Exodus Mandate, a national organization that supports home-schooling and church-based Christian schools as an alternative to public education, launched the “Home-schooling Family-to-Family” program to enlist experienced home-schoolers to mentor families they know to give it a try.
While most home-schoolers already have conversations with friends, neighbors and relatives who are interested in home-schooling but are afraid to start, the initiative calls on those parents to become more intentional in outreach efforts, thereby strengthening state and local home-school organizations.
“Home-schooling Family-to-Family asks experienced home-schoolers to become more evangelical by transforming home-schooling conversations across the kitchen table with friends, neighbors, and relatives into a positive home-schooling outreach,” said E. Ray Moore Jr., a retired Air Force chaplain and executive director of Exodus Mandate, based in Columbia, S.C.
The program urges mentors to guide new families through curriculum decisions, introduce them to support groups and the social side of home-schooling, provide regular encouragement and counsel and pray for them, according to a press release.
Along with Web site materials and an e-newsletter, the program will make available DVDs, CDs, articles and brochures designed to help mentors bring families to an “informed decision about whether to home-school.”
Exodus Mandate supported an SBC resolution passed in June highlighting efforts by “homosexual activists” to “promote the acceptance among schoolchildren of homosexuality as a morally legitimate lifestyle.”
It urged parents and churches to “to exercise their rights to investigate diligently the curricula, textbooks and programs in our community schools and to demand discontinuation of offensive material and programs” and called on Christian parents to “fully embrace their responsibility to make prayerful and informed decisions regarding where and how they educate their children, whether they choose public, private or home schooling.”
While the convention opposed a call a year earlier for a mass exodus from public schools, at least one denominational leader said he believes “momentum is clearly on the side” of the movement toward private Christian education.
“I believe that now is the time for responsible Southern Baptists to develop an exit strategy from the public schools,” Al Mohler, president of Southern Baptist Theological Seminary, wrote in June. “This strategy would affirm the basic and ultimate responsibility of Christian parents to take charge of the education of their own children.

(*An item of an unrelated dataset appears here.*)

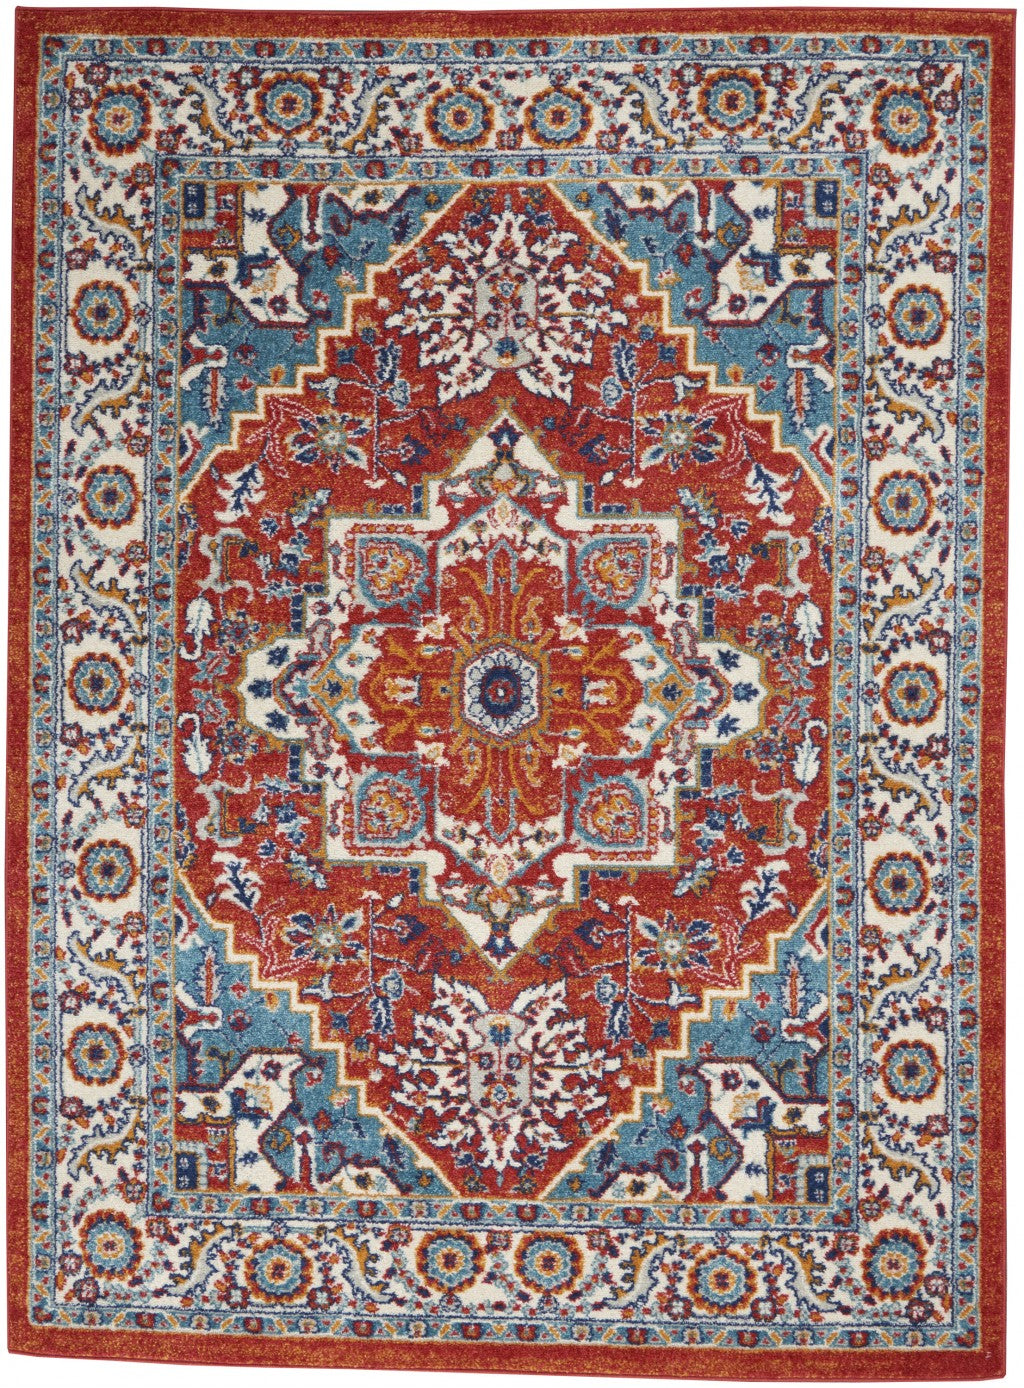 5’ X 7’ Red And Ivory Medallion Area Rug

The strategy would also affirm the responsibility of churches to equip parents, support families and offer alternatives.”
“At the same time,” Mohler said, “this strategy must acknowledge that Southern Baptist churches, families and parents do not yet see the same realities, the same threats and the same challenges in every context. Sadly, this is almost certainly just a matter of time.”
Elizabeth Watkins, founder and director of the Southern Baptist Convention Home Education Association, endorsed the Home-schooling Family-to-Family initiative, citing implications not only for education but also for evangelism and church growth.
“Families with children are a huge mission field,” Watkins said. “HFTF is a wonderful opportunity for evangelism and Christian character development as well as home-school mentoring.”
Bruce Shortt, a Houston attorney and co-sponsor of the SBC resolution, agreed.
“Unlike the gimmicks that often pass for Christian evangelism today, Christian home-schooling is true revival, and HFTF is the perfect opportunity for Christian home-schoolers to become more evangelical,” said Shortt, author of The Harsh Truth About Public Schools and Texas coordinator of Exodus Mandate.
Earlier Exodus Mandate pledged support for a commitment by an on-line home-schooling academy offering $1.2 million in curriculum and 10 scholarships for relief to victims of Hurricane Katrina and low-income families.
“We know that many home-schooling families had their curricula destroyed by the storm,” Beth Te Grotenhuis, CEO of Alpha Omega Publishers, said in a statement. “With all of the worries those families must have, we want to make sure that replacing their curricula isn’t one of them.”
“We also hope that families displaced by the storm who have been considering home-schooling will take advantage of our offer of free Switched-On Schoolhouse to get started,” she added. “Alpha Omega has long been committed to serving the home-school community, and we are grateful that we have the ability to extend the hand of Christian brotherhood to families in need.”
Bob Allen is managing editor of EthicsDaily.com.